Wellcome Trust backs epigenetics project
pharmafile | January 13, 2009 | News story | Research and Development |Â Â epigeneticsÂ
A public-private partnership aiming to determine the three-dimensional structure of medically-relevant proteins and put them in the public domain has won a major grant from the Wellcome Trust.
The UK medical charity has set aside £4.1 million ($6.3m) for the initiative, which is being held up as a new model for R&D interactions between academia and industry as it places compounds in the public domain much earlier than usual.
Led by the non-profit Structural Genomics Consortium (SGC), the project aims to develop small-molecule inhibitors for 25 proteins thought to be involved in epigenetic signalling – a phenomenon in which genes can change behaviour without any alteration in DNA sequence.
This type of signalling involves chemical modifications of DNA or proteins that affect their function. For example, a gene can be passed from parent to offspring with an identical nucleic acid sequence, but still express protein at different rates or times, depending on the environment in the cell.

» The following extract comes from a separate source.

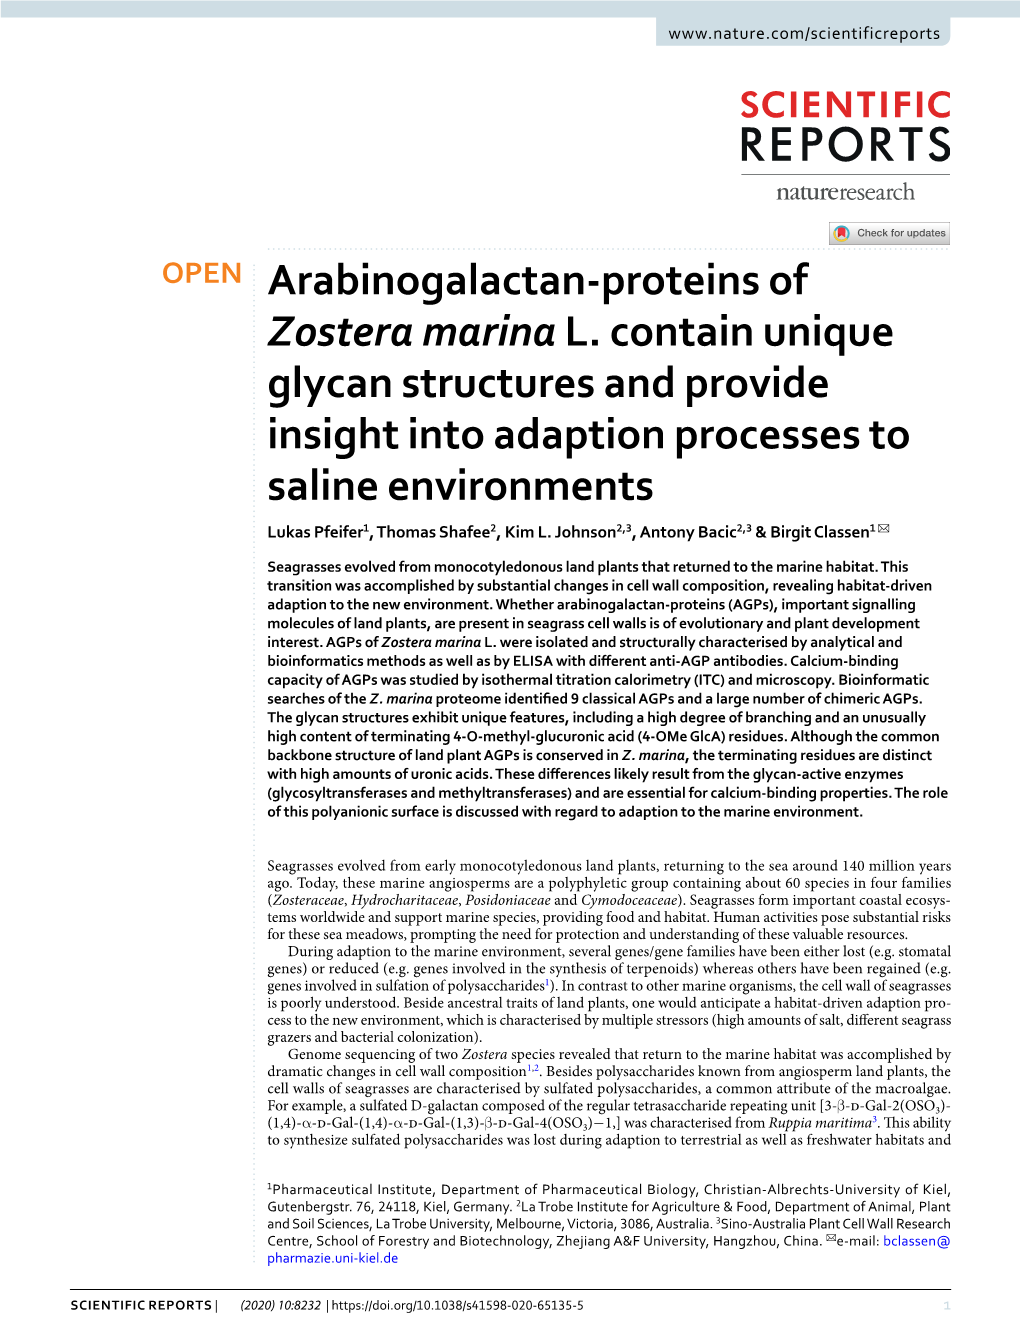 Arabinogalactan-Proteins of Zostera Marina L. Contain Unique Glycan

The hope is that, through the use of chemical probes that can block or stimulate the activity of a protein, researchers will be able to explore how epigenetic factors affect a number of illnesses, including cancer, diabetes, obesity and Alzheimer's disease.

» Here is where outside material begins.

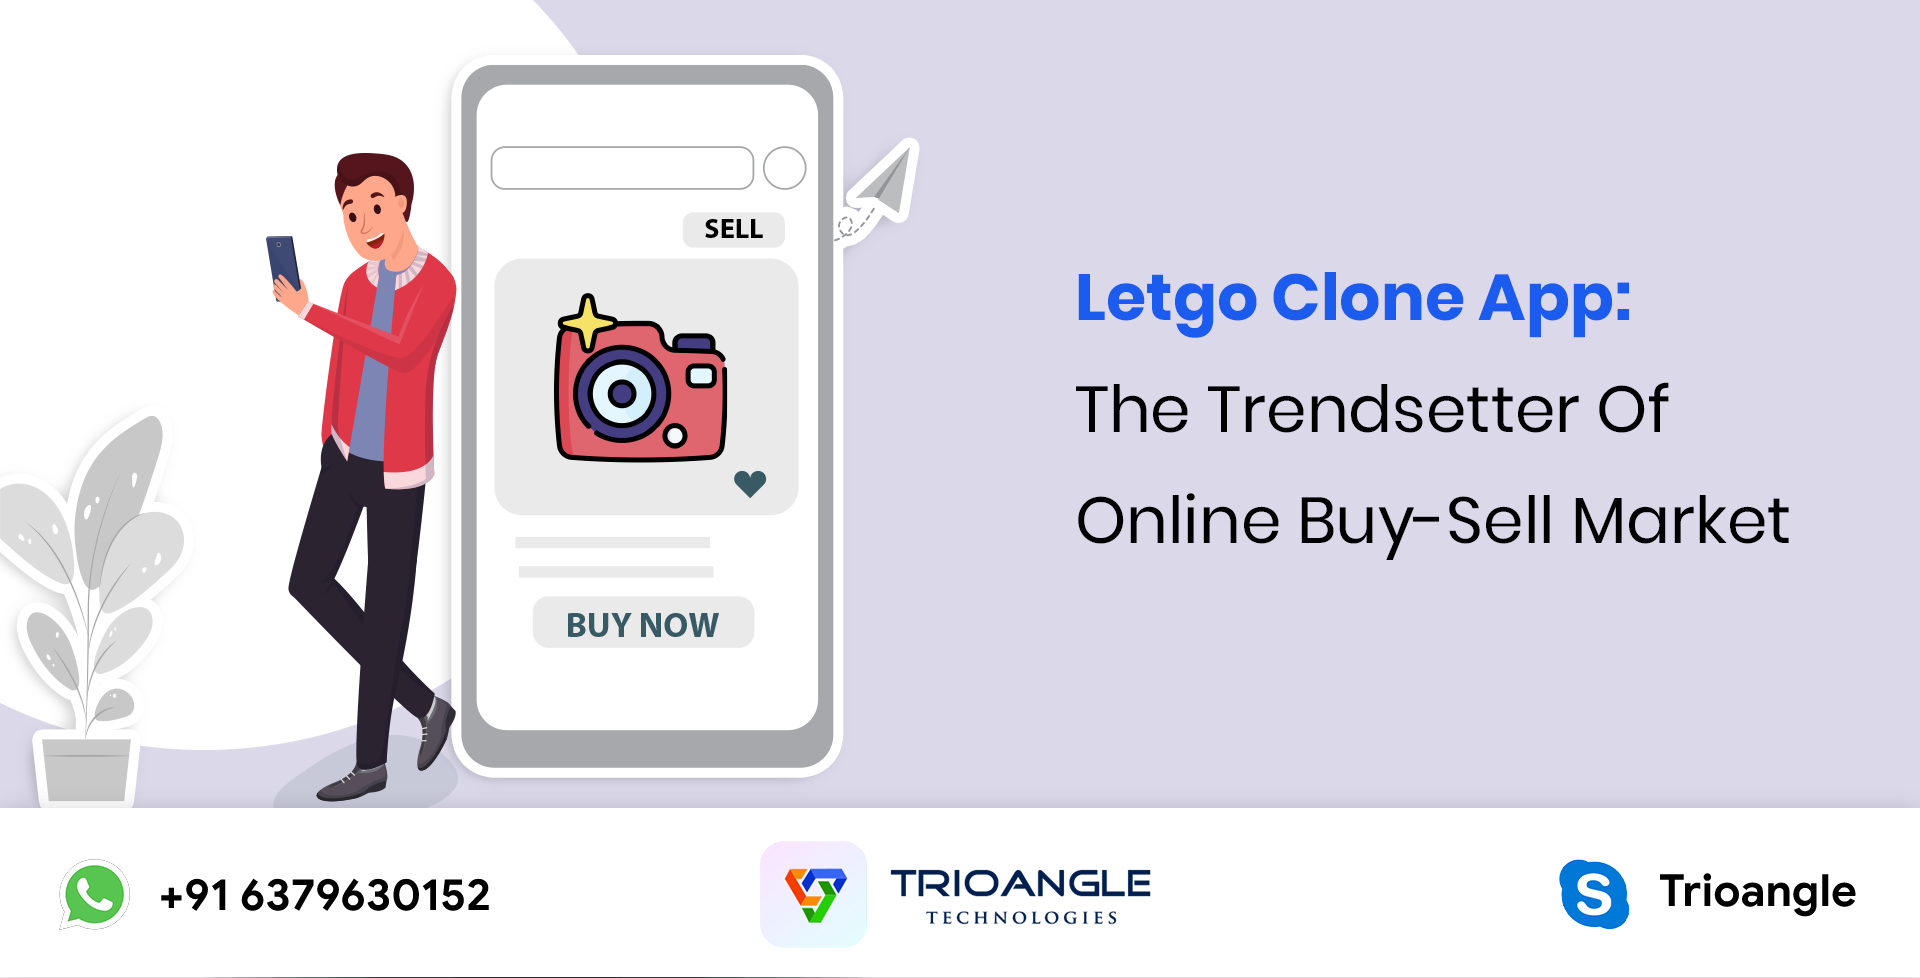 Letgo Clone App: The Trendsetter Of Online Buy-Sell Market

It is anticipated that the probes would be used alongside other tools, such as 'silencing' genes through the use of RNA interference and genetic knockout models. Some probes may turn out be starting points for new directions in drug discovery.

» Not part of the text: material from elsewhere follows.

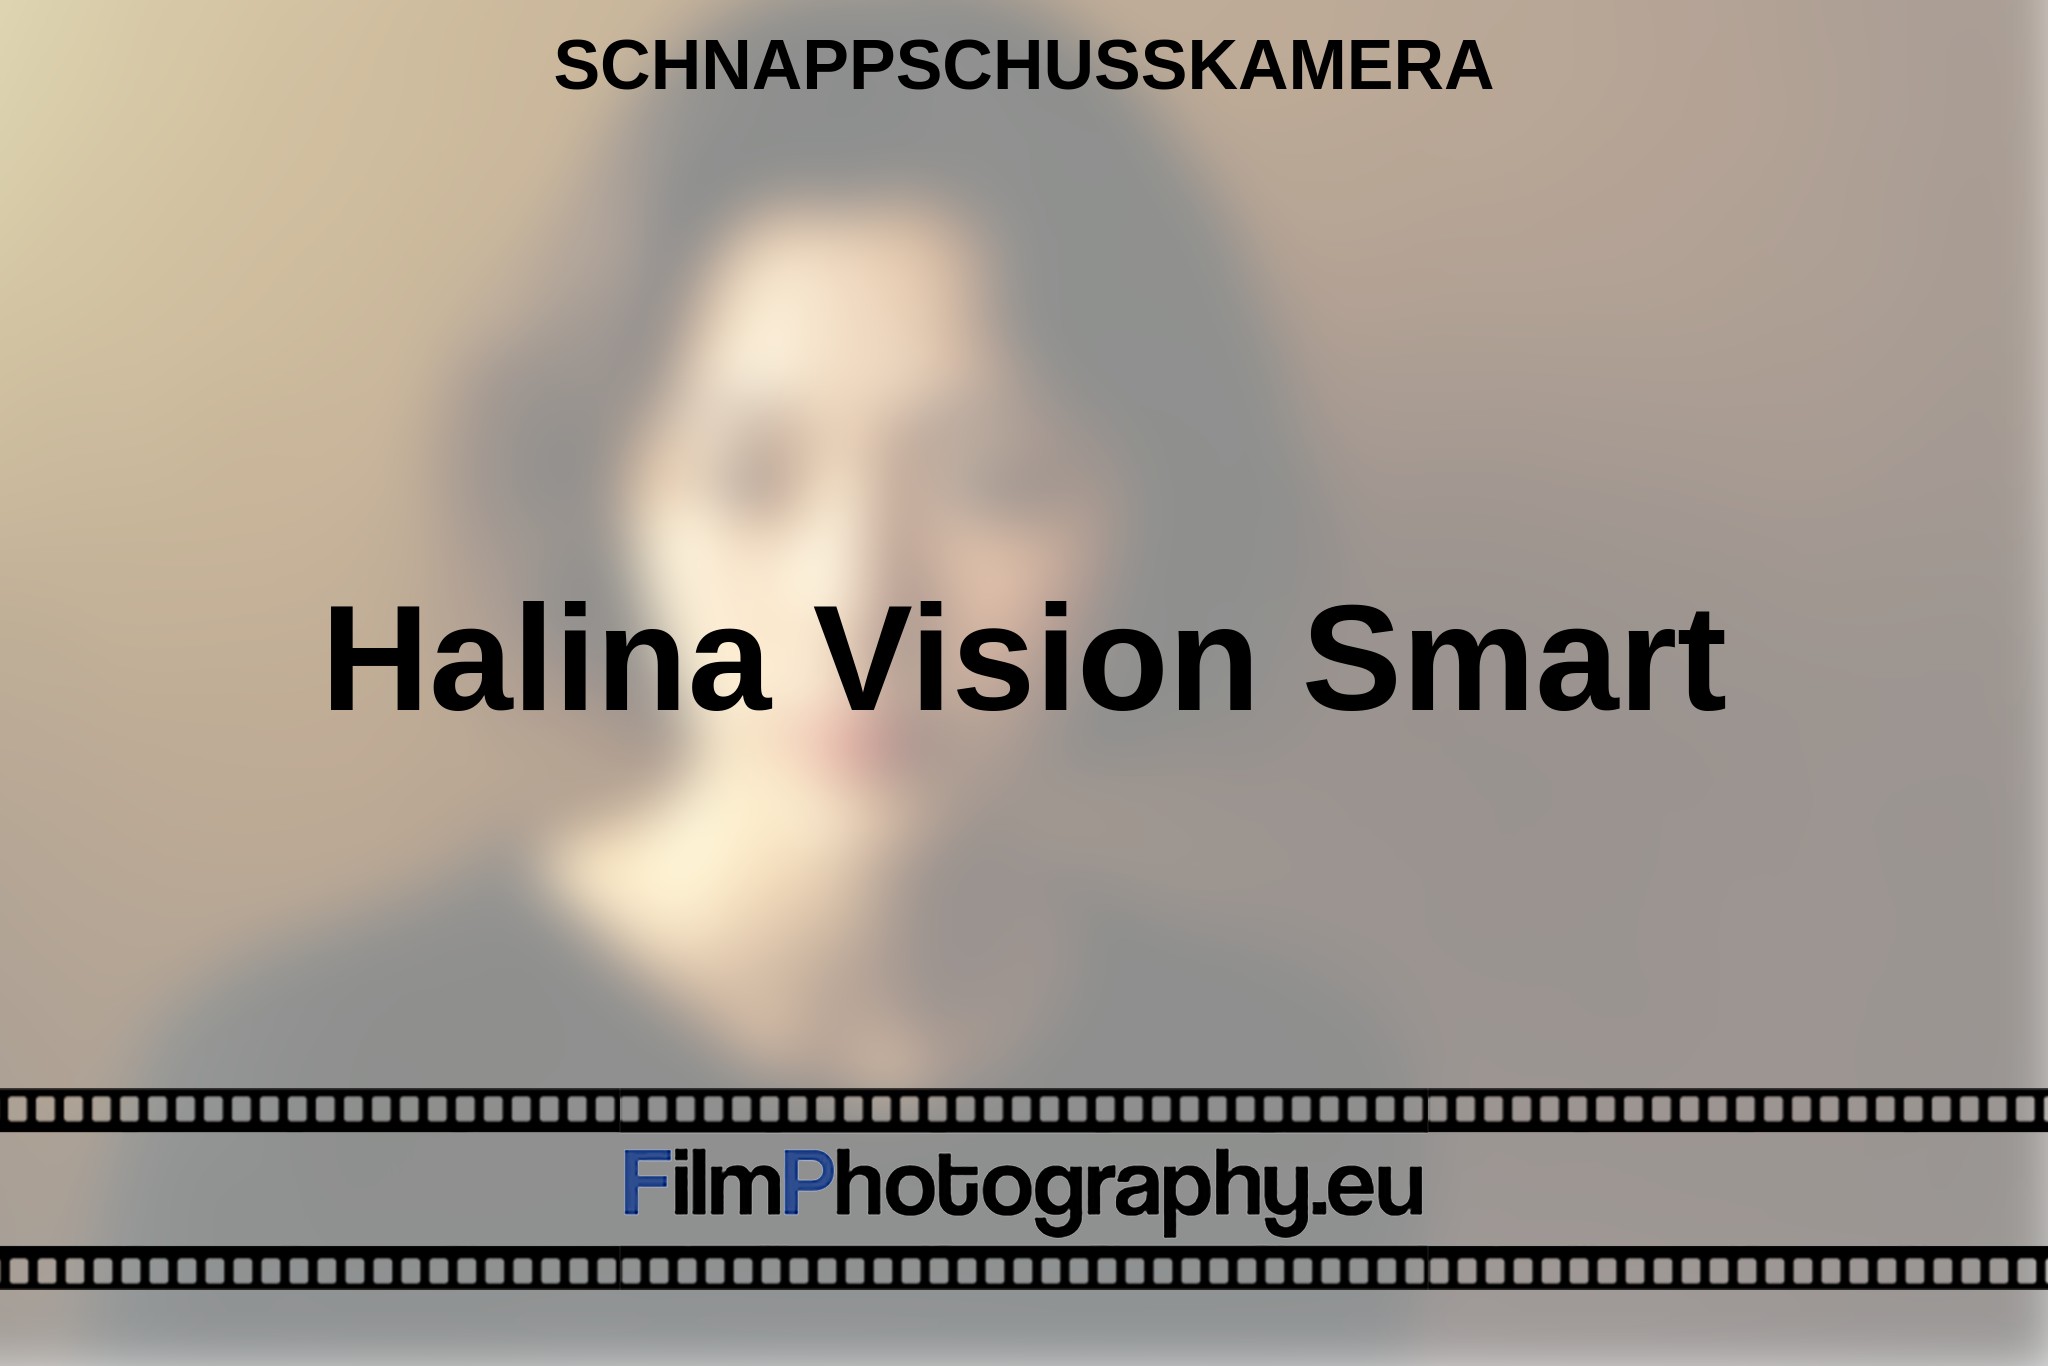 halina-vision-smart-schnappschusskamera-bnv.jpg

Johan Weigelt, associate director of the SGC and based at the Karolinska Institute in Sweden, told Pharmafocus that the lack of high-quality chemical probes has been a major bottleneck in drug discovery.
"At the moment, around nine out of 10 compounds that enter the clinic fail because of efficacy, safety or toxicology issues," he said. "And the main reason for that is we simply don't understand the biology of the diseases we are trying to treat."
The SGC's aim is to develop, characterise and then disseminate the structure and function of each of the probes. And it is here that the approach diverges from traditional partnerships between pharma and academic institutions.
"Pharmaceutical companies have traditionally kept information about their probes in-house until a drug development project is well advanced or completed," explained Weigelt.
Aside from concerns about competition and the race to bring new drugs to market, the reasoning was also that going public on an inhibitor could in fact hamper further research in the area by the wider pharmaceutical sector.
However, Weigelt believes that companies will benefit from having teams of academic researchers identifying and validating new disease targets.
The Wellcome Trust agrees. "History shows that the pharmaceutical industry is far more likely to pursue a drug discovery programme if there are already well-characterised inhibitors with defined mechanisms of action available," said the charity in a statement.
The SGC will work alongside other groups in the project, notably GlaxoSmithKline, which will provide medical chemistry expertise, and the US National Institutes of Health Chemical Genomics Center (NCGC), which will carry out functions such as assay development and high-throughput screening.